Roy smiled and said, “That’s always good to hear!” The physician looked at him and added, “Of course you understand that I can’t guarantee you’ll live to 80 or even 70.”

Roy, still smiling, nods and says, “Sure I understand that. But trying to live a long life is not why I exercise, keep my weight down, and all that other healthy stuff. I just want to feel good today! Isn’t that about the best we can do?”

Even though the staying-healthy odds are in his favor, Roy could easily suffer a health crisis at any time, even the next day. And here’s the coping question I want to pose: If it happens, will he be prepared for the crisis?  An unexpected event brings drastic changes to his life and arouses intense emotions that threaten to overwhelm him. Will he be able to keep his head above water? Will he be prepared to have a “crisis conversation” with life?

How about you? Are you prepared to maintain your coping conversations with life in the face of crises? Here are some things to consider when faced with events so intense that you feel you could very easily spiral out of control.

To organize your crisis plan, ask yourself some basic “what if” questions. The idea is not to make up a precise list of steps to take, like a family might do to prepare for a flooding river, tornado, hurricane, or some other natural threat. No, the idea is to formulate a general conceptual plan of basic principles to follow when suddenly confronted with unexpected coping challenges, such as when a loved one dies, sickness occurs, or there is a vital threat to your financial security.

First of all, assess the crisis by determining what features are under your control. A crisis tends to bring out strong emotional reactions, which put you at risk for blindly reacting and trying to influence events that really are far out of your control.

Remind yourself to be proactive using your intellectual abilities and not relying solely on sudden emotional tendencies. Fear, frustration, jealousy, anger and other emotions will tell you to run, avoid, and hide, and such avoidance is a sure recipe for devastation. A more rational approach will focus on how you can use your emotions to your advantage, not on how you can deny the presence of your unwanted emotions.

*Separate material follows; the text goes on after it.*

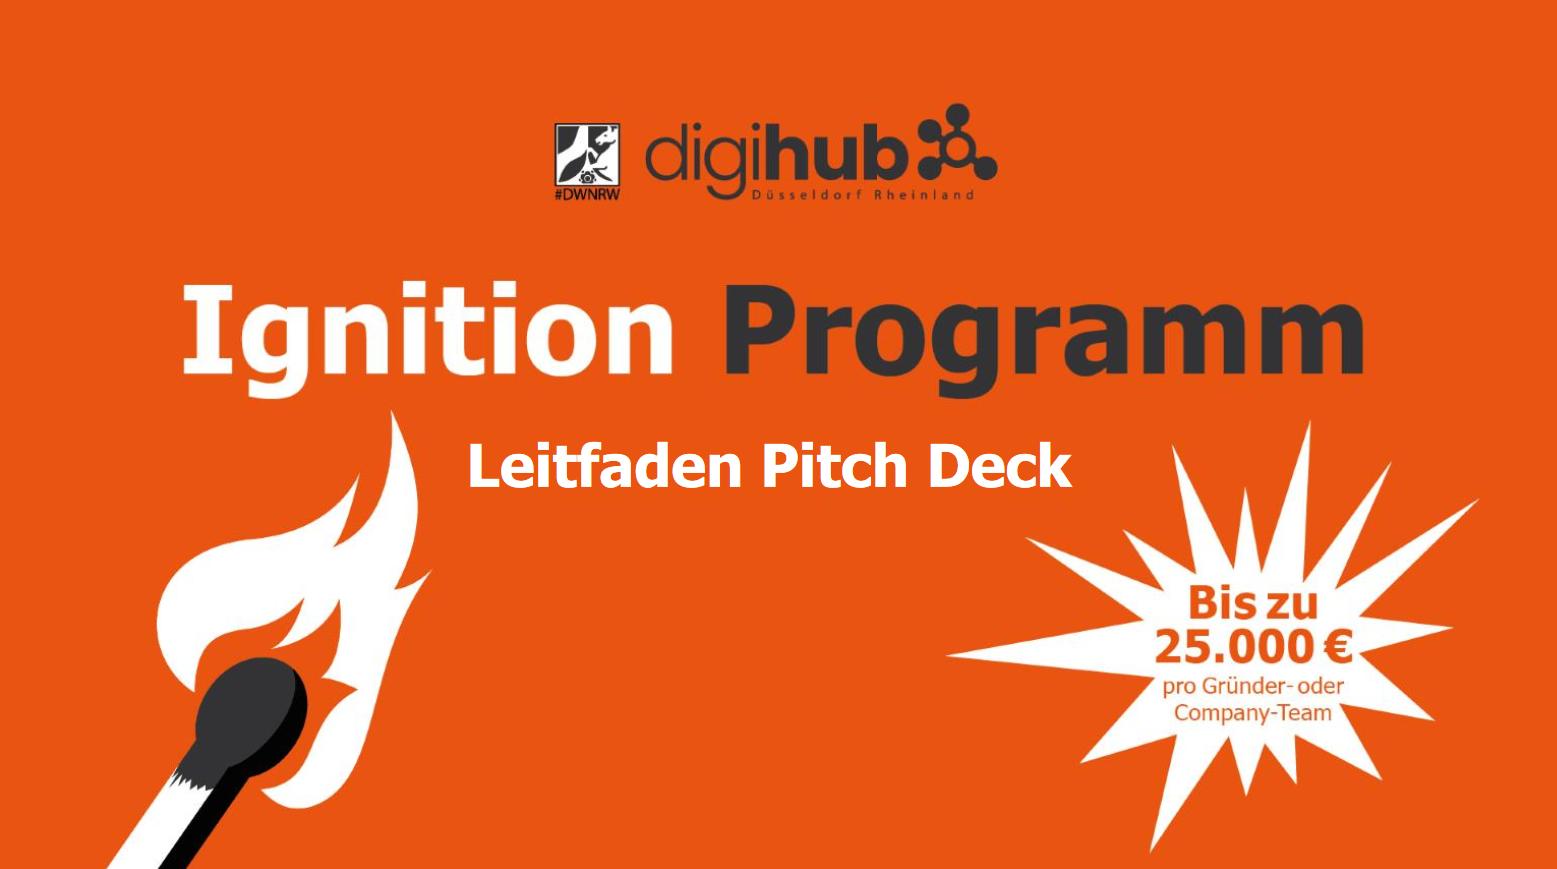 Ignition-Programm-digihub-2019

Bring in your trusted friends, your social network, to help. Communication is essential here, but again, it must not be based on panic and fear. Rationality, objectivity, and a willingness to listen to proactive suggestions from others is essential if your communication is to be productive.

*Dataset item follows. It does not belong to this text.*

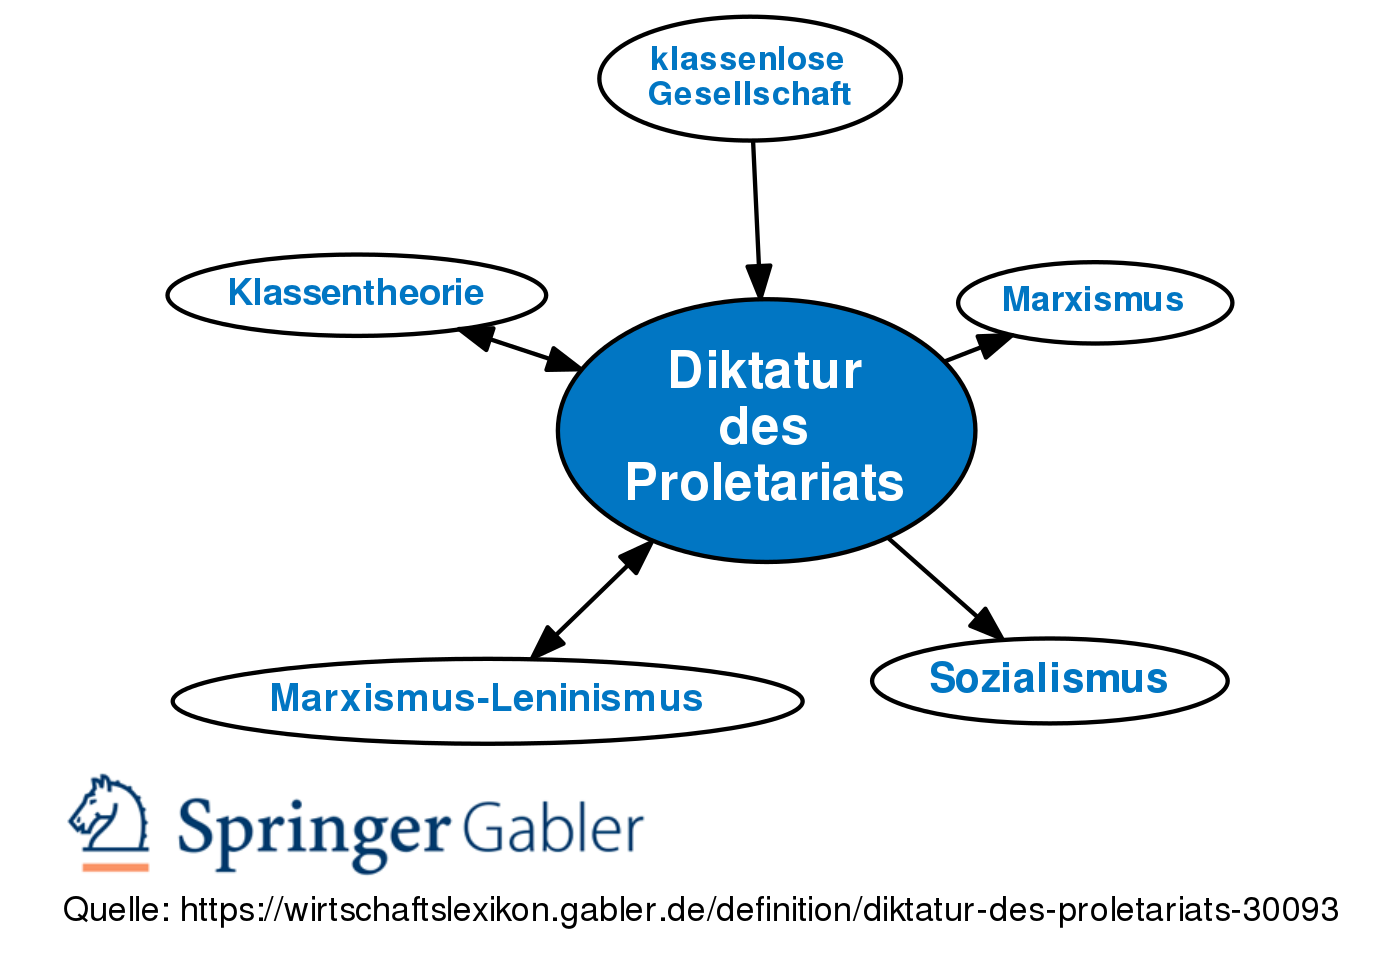 Diktatur des Proletariats • Definition | Gabler

Do not blame others for your crisis. Doing so will distract you from the task at hand. Convincing yourself that evil others are responsible for your travails will only elicit derisive laughs from life. Even your social network will recoil from your displaced blame because you will sound defensive and unwilling to move forward.

All these suggestions are explicitly developed throughout this blog, and they shouldn’t surprise you. The point here, however, is that if you are psychologically and mentally prepared when a “what if” question becomes real, you will be better able to put our blog principles into practice.